Entretanto, em pouco tempo, disse o secretário, novos contingentes começaram a chegar ao Acre em fluxo constante e crescente. Nilson Mourão disse que o governo do estado começou a dar assistência a essas pessoas, com alimentação e abrigo, e a regularizar suas documentações para que pudessem viver e trabalhar no Brasil.
“Constatamos que era uma rota de imigração organizada por agenciadores de pessoas, os ‘coiotes’, não era apenas uma migração espontânea. O número dos que chegavam começou a ser maior que os que saiam para outros lugares do Brasil”, ressaltou o secretário, lembrando que o número de haitianos no Acre chegou a 1.250 – retidos enquanto seus documentos eram regularizados. No total, de 2010 até hoje, cerca de 2.300 migrantes haitianos passaram pelo estado, informou.

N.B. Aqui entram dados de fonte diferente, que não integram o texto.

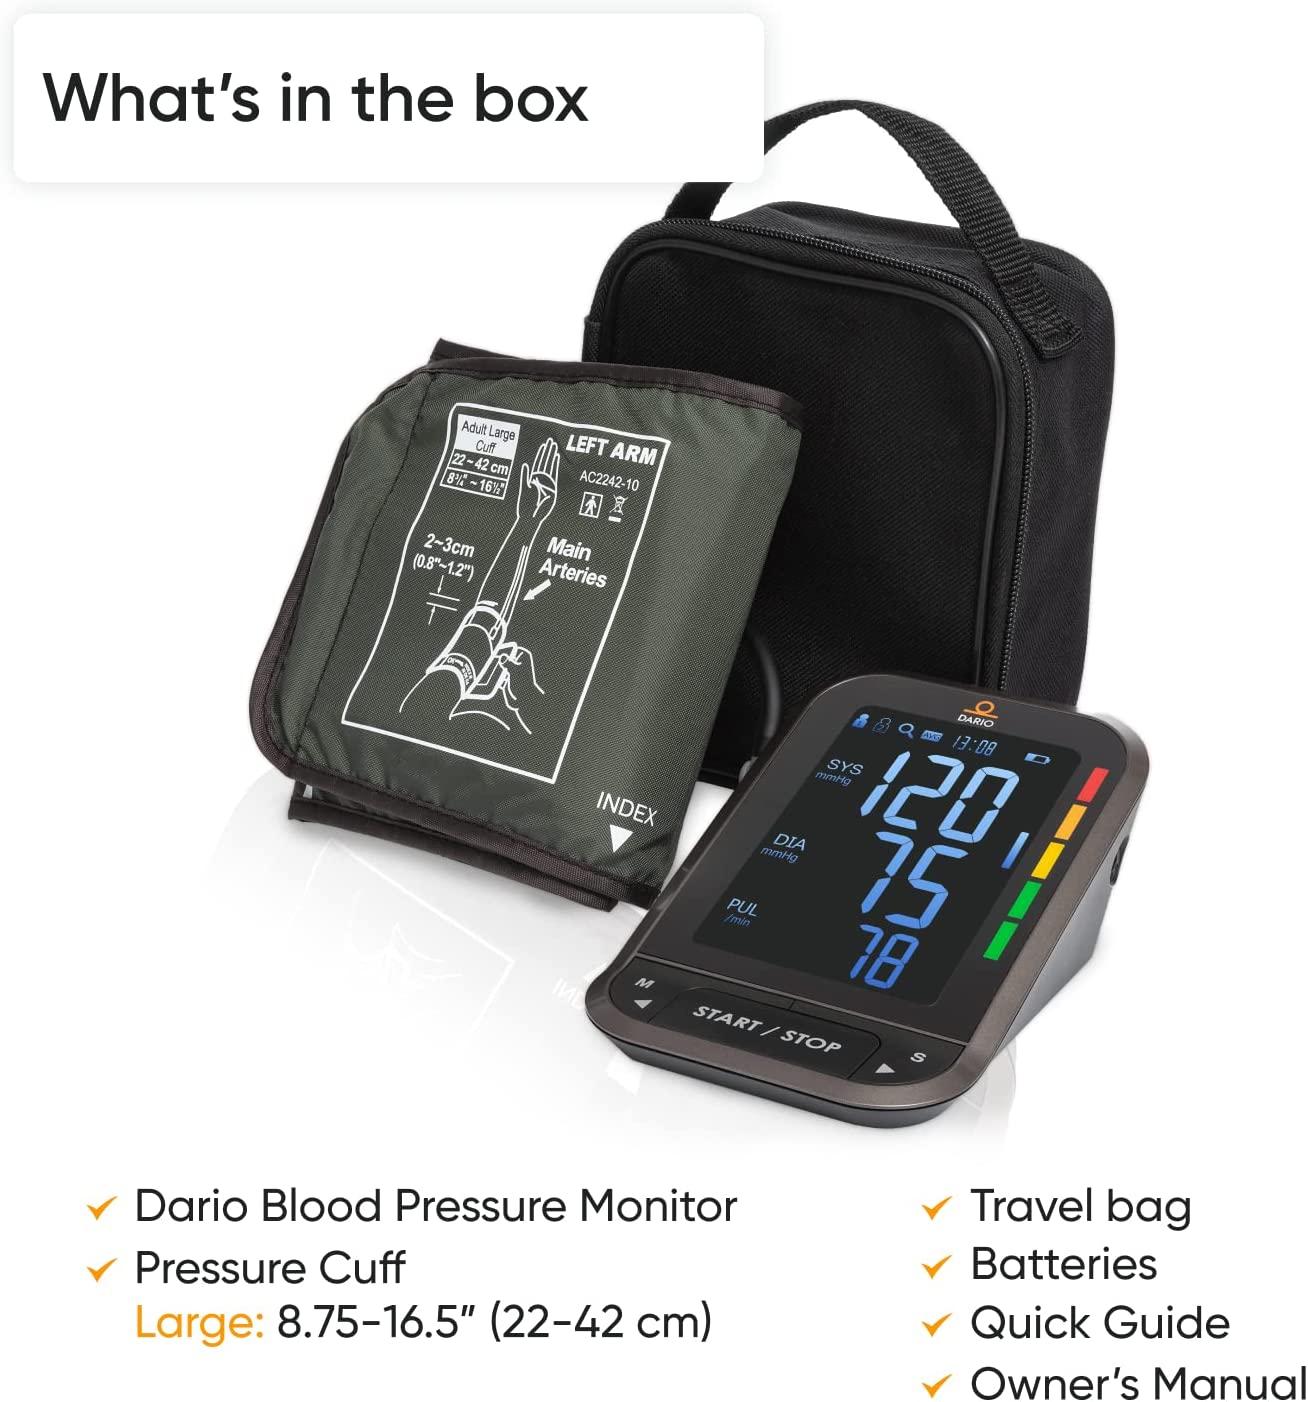 DARIO Blood Pressure Monitor  Accurate BP Machine with Adjustable Cuff  (8.75-16.5in) & Carry Case - Unlimited Readings via Bluetooth App
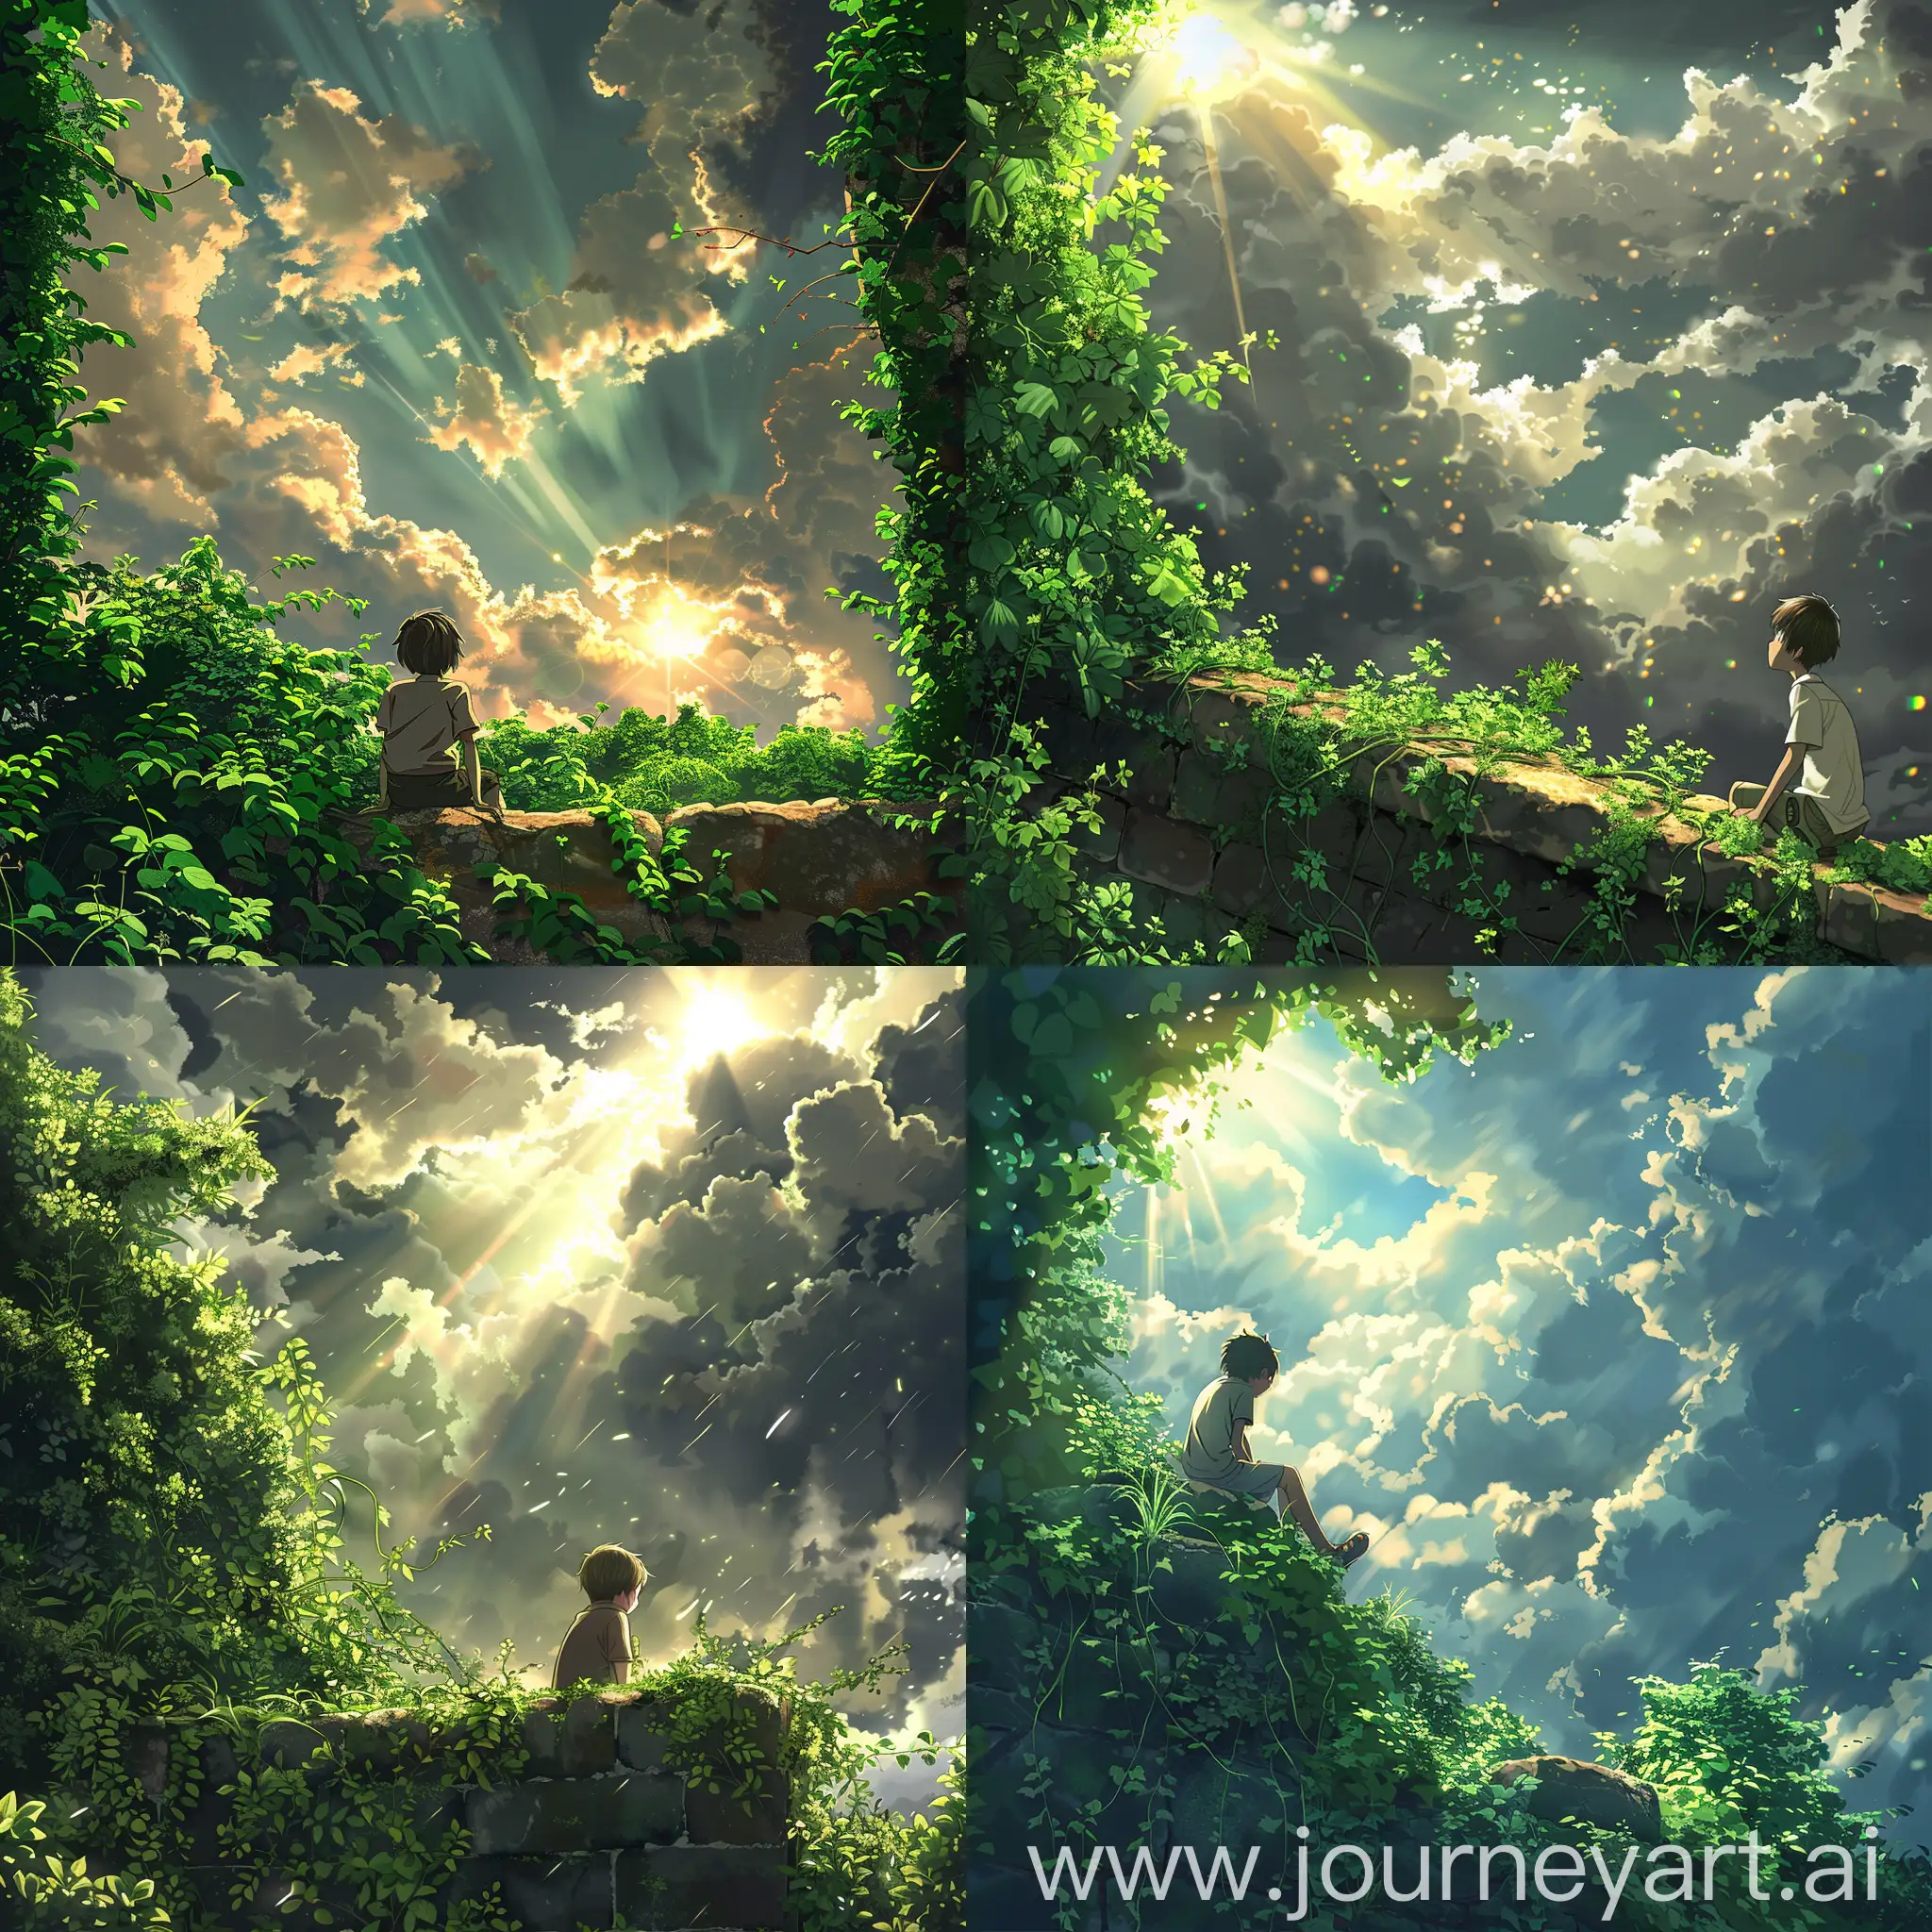 Anime scene highly detailed greenery a boy looking at the cloudy sky and sunlight sitting over the stone make it beautiful digital illustration anime style 4k resolution highly detailed

Depois da primeira audiência na CRE sobre o tema (em 2011), informou Nilson, a situação ganhou mais visibilidade nacional, com o governo federal enviando recursos, 14 toneladas de alimentos e a regularização dos documentos ganhando agilidade.
O secretário garantiu que apenas 60 haitianos continuam em situação pendente no Brasil, mas que os documentos dessas pessoas serão regularizados em breve.
“Hoje consideramos a situação no Acre resolvida, agimos de modo correto e demos a ajuda necessária, com auxílio do governo federal, da iniciativa privada e da imprensa. Considero missão cumprida”, afirmou.
Fluxo em Tabatinga
Já o prefeito de Tabatinga (AM), Saul Nunes Bemerguy, afirmou que a situação de sua cidade ainda é delicada. Localizada em região de fronteiras com Peru e Colômbia, Tabatinga já recebeu mais de quatro mil migrantes haitianos desde fevereiro de 2010. O prefeito informou que 2.842 haitianos passaram pelos municípios apenas em 2011 e que cerca de 700 ainda estão na região esperando ajuda das autoridades brasileiras.
“Queremos ajudar, mas o município de Tabatinga não tem recursos suficientes para isso. Temos uma população residente de 52 mil habitantes e mais uma população flutuante de 15 mil, principalmente estrangeiros. Nunca tem menos de 70 mil pessoas em Tabatinga, o fluxo na tríplice fronteira é intenso e permanente”, informou.
O prefeito de Tabatinga reclamou que a cidade não recebe a devida atenção dos governos estadual e federal, principalmente nas áreas de educação e saúde, e que o município não tem infraestrutura suficiente para lidar com essa alta demanda de estrangeiros.
“Não temos nada contra os haitianos, mas precisamos priorizar o povo nativo da cidade”, admitiu.
Acolhimento
A senadora Vanessa Graziottin (PCdoB-AM) voltou a sugerir que a CRE participe da audiência pública em Manaus sobre o tema em conjunto com a Comissão de Direitos Humanos (CDH), presidida pelo senador Paulo Paim (PT-RS) e a CPI do Tráfico de Pessoas, da qual é presidente. Ela disse que os próprios haitianos serão ouvidos durante o encontro.
Também participaram da audiência pública os senadores Cristovam Buarque (PDT-DF) e Eduardo Suplicy (PT-SP), ambos concordaram que a situação dos haitianos merece mais atenção das autoridades, com ações urgentes do poder público e insistiram no sentido de o governo brasileiro acolher os imigrantes haitianos.